HRPP staff communicate with the CDM office regarding conflict of interest disclosures, review, and management. The HRPP director and/or IRB chair communicates with CDM office regarding advice, consultation, and notification of conflict of interest disclosure that may affect the rights and welfare of subjects. These may include but are not limited to instances of conflict of interest of IRB members, IRB consultants, investigators, students, sponsors, or administrators. The CDM office works with the CRC which is responsible for developing and approving a management plan and informing the IRB of their decisions. The IRB has the authority to approve the research, to require modifications that incorporate the CRC management plan and/or additional IRB determined modifications, or to not approve the research.
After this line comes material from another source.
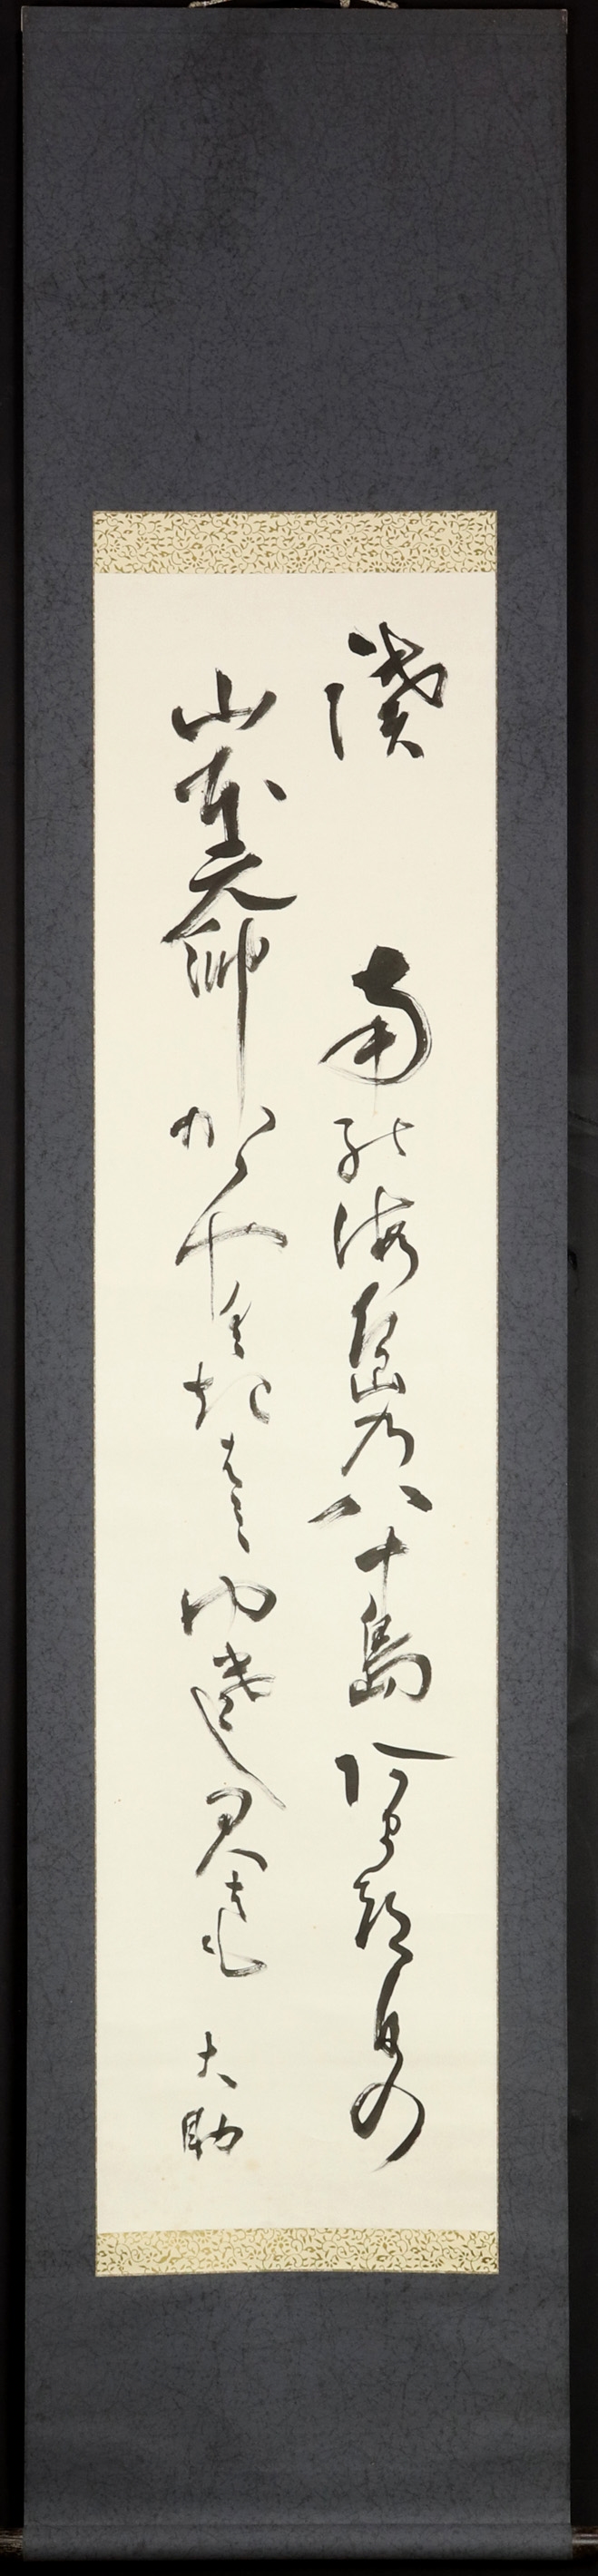 Yamamoto Isoroku, Calligraphy

The CRC may not approve the research if it has not been approved by the IRB. See HRPP Manual 10-1 “Conflict of Interest,” for more information.

Animal Care Program

The Institutional Animal Care and Use Committee (IACUC) is part of the Animal Care Program and is organized under ORRS and reviews, approves and oversees all MSU programs involving the care and use of all live animal activities to ensure compliance with standards and regulatory requirements. The IACUC administrator is notified when an IRB submission involves animals.

Institutional Stem Cell Research Committee

The Institutional Stem Cell Research Committee is organized under ORRS and oversees certain kinds of human stem cell research conducted by MSU faculty, staff, and students. The Institutional Stem Cell Research Committee administrator is notified when an IRB submission involves human embryos or human stem cells.
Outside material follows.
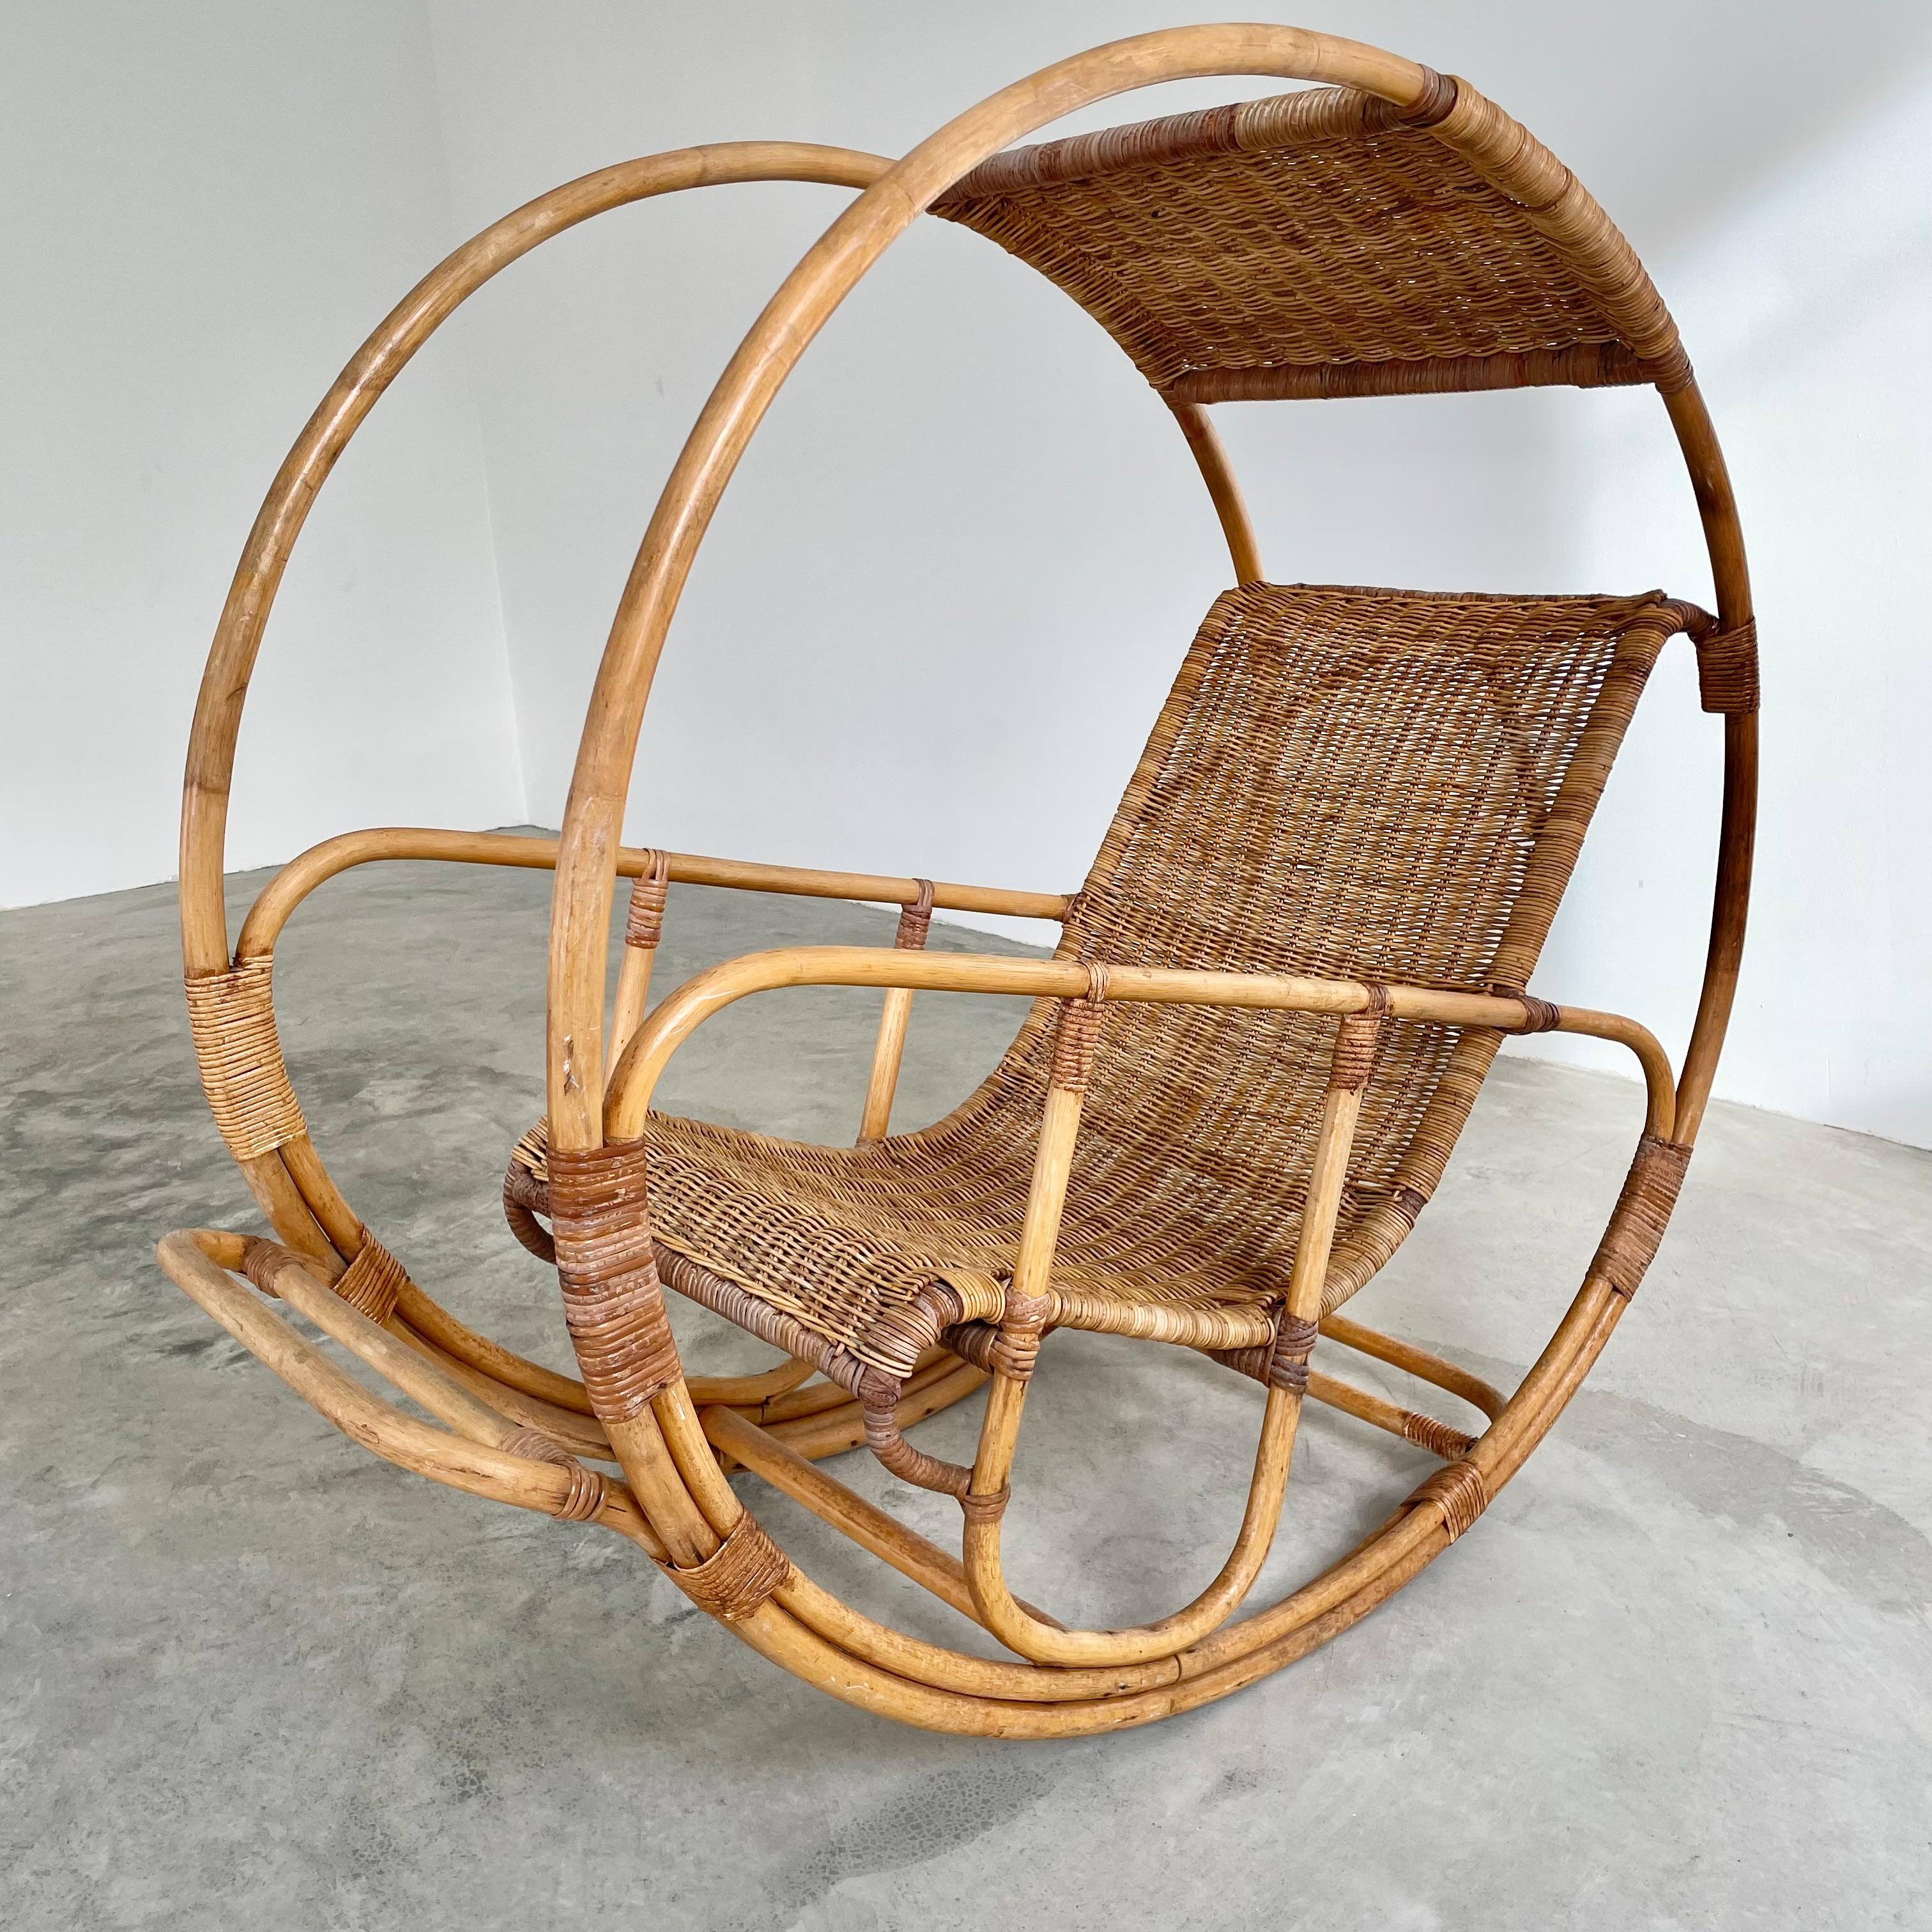 Superbe fauteuil à bascule en rotin inspiré par Franco Bettonica et l'ère spatiale des années 1960. Il a cherché à créer une chaise en utilisant des matériaux naturels traditionnels, mais en les pliant et en les tissant pour leur donner des formes

Office of Sponsored Programs (OSP)

The Office of Sponsored Programs (OSP) reports to ORI. OSP manages financial and contractual aspects of submitting proposals to non-industrial external sponsors and reviews, negotiates, and accepts the terms of awards. Any non-industry agreement that involves financial transactions and obligations between MSU and other parties must be reviewed by OSP.

Funds awarded to MSU investigators for human subject research will not be made available by OSP until the research is approved by an MSU IRB, determined exempt by the MSU HRPP, or an MSU HRPP reliance acknowledgement letter is issued, with limited exceptions. See HRPP Manual 1-3 “Use of Institutional Authorization Agreements” and 8-4 “45 CFR 46.118 Designation.” When a research study is externally funded, HRPP staff sends a notice of the HRPP or IRB approval or determination to OSP.

Business CONNECT (BC)

Business CONNECT (BC) reports to ORI and manages financial and contractual aspects of submitting proposals to industrial external sponsors. Any industry agreement that involves financial transactions and obligations between MSU and other parties must be reviewed by BC. Individuals within BC are notified when an IRB submission involves an industry sponsored clinical trial.
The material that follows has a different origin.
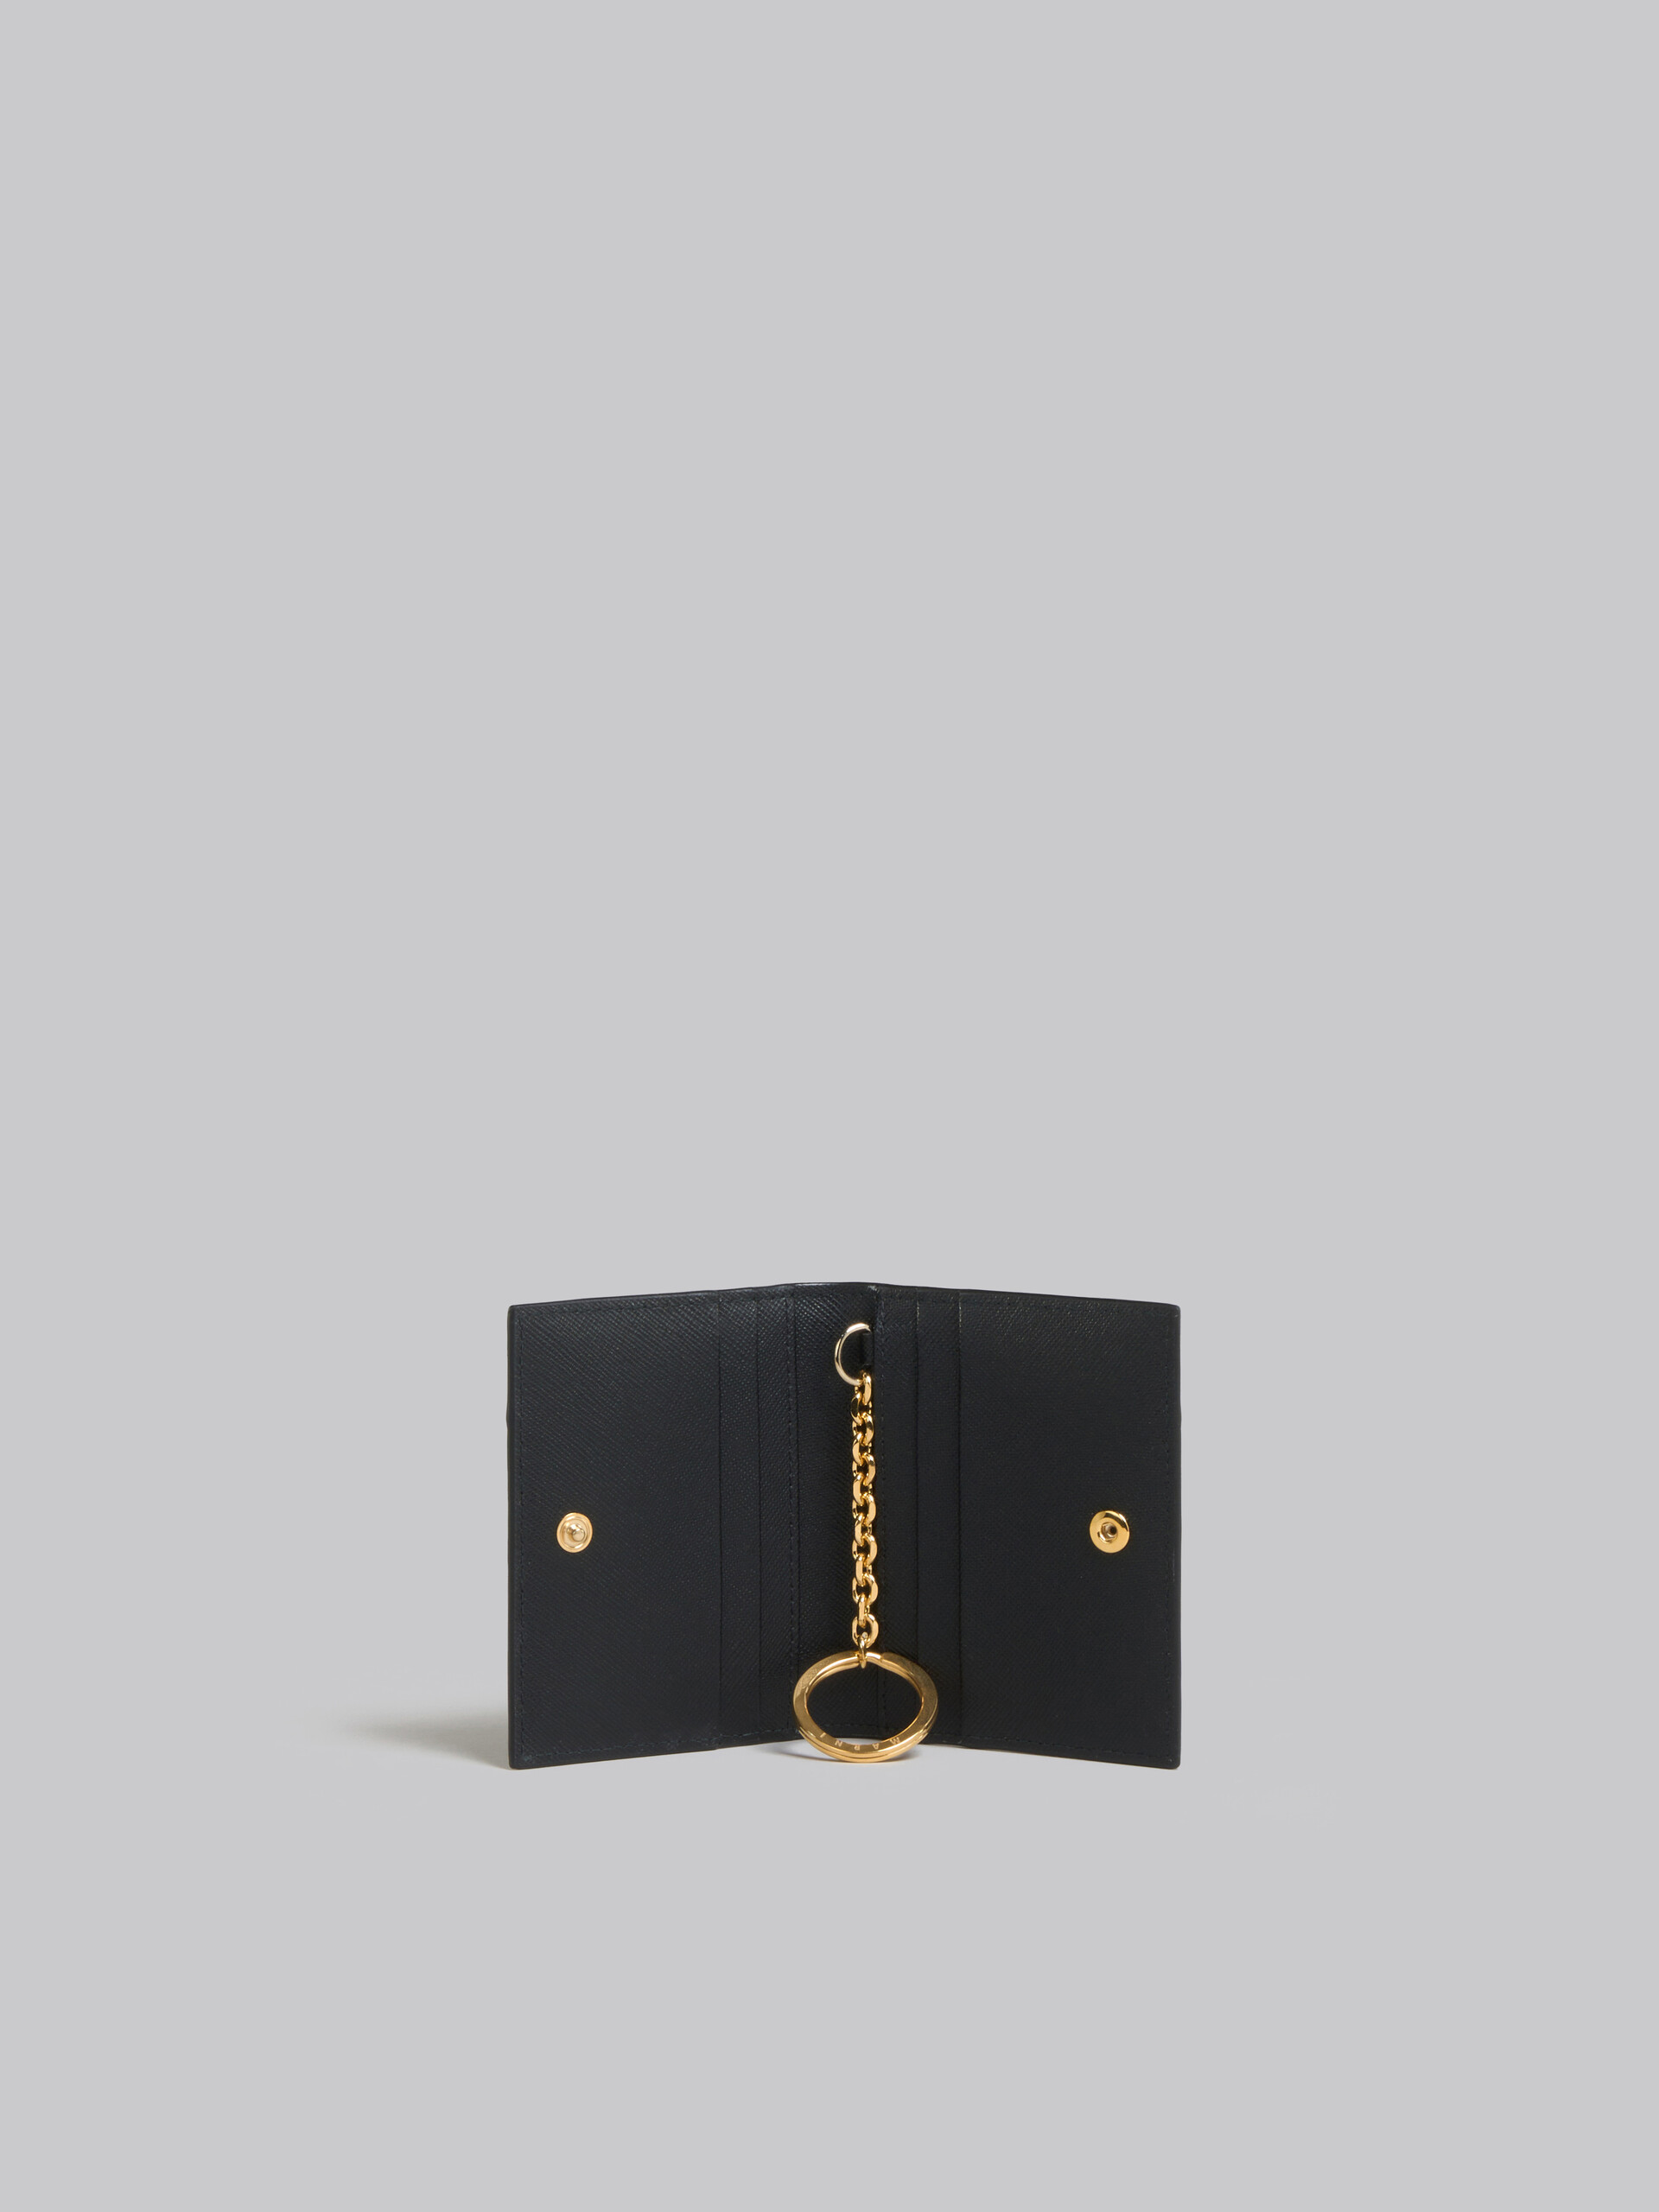 Porte-cartes en cuir saffiano noir - Portefeuilles - Image 2

Investigators are required to disclose through the Research Administration online system, Kuali Research, whether the proposal includes human subject research. Communication between the HRPP and OSP or BC includes the review of negotiated funding or contract agreements to assure inclusion of AAHRPP funding or contract agreement language as needed. This process includes:

The contract negotiator evaluates whether the AAHRPP required language has been included in the agreement and negotiates with the sponsor to include AAHRPP required language.
The contract negotiator completes a worksheet to document their review.
The HRPP staff and the contract negotiator communicate as needed to address any questions or comments (e.g., how to translate contract language to easily understandable consent language). This may also involve the MSU Office of the General Counsel.
The contract negotiator provides the completed worksheet to the HRPP staff.
The HRPP staff verifies that the agreement includes the required AAHRPP language and that the consent and agreement are congruent.
The HRPP staff communicates and works with the contract negotiator if there is any question of whether the agreement includes the necessary AAHRPP language or if the agreement and consent are congruent and may involve MSU legal counsel as needed.
For studies reviewed by an MSU IRB, the IRB reviews the final consent form for approval.
For studies reviewed by an External IRB, any required consent changes are provided to the reviewing IRB by the study team or IRB reliance office.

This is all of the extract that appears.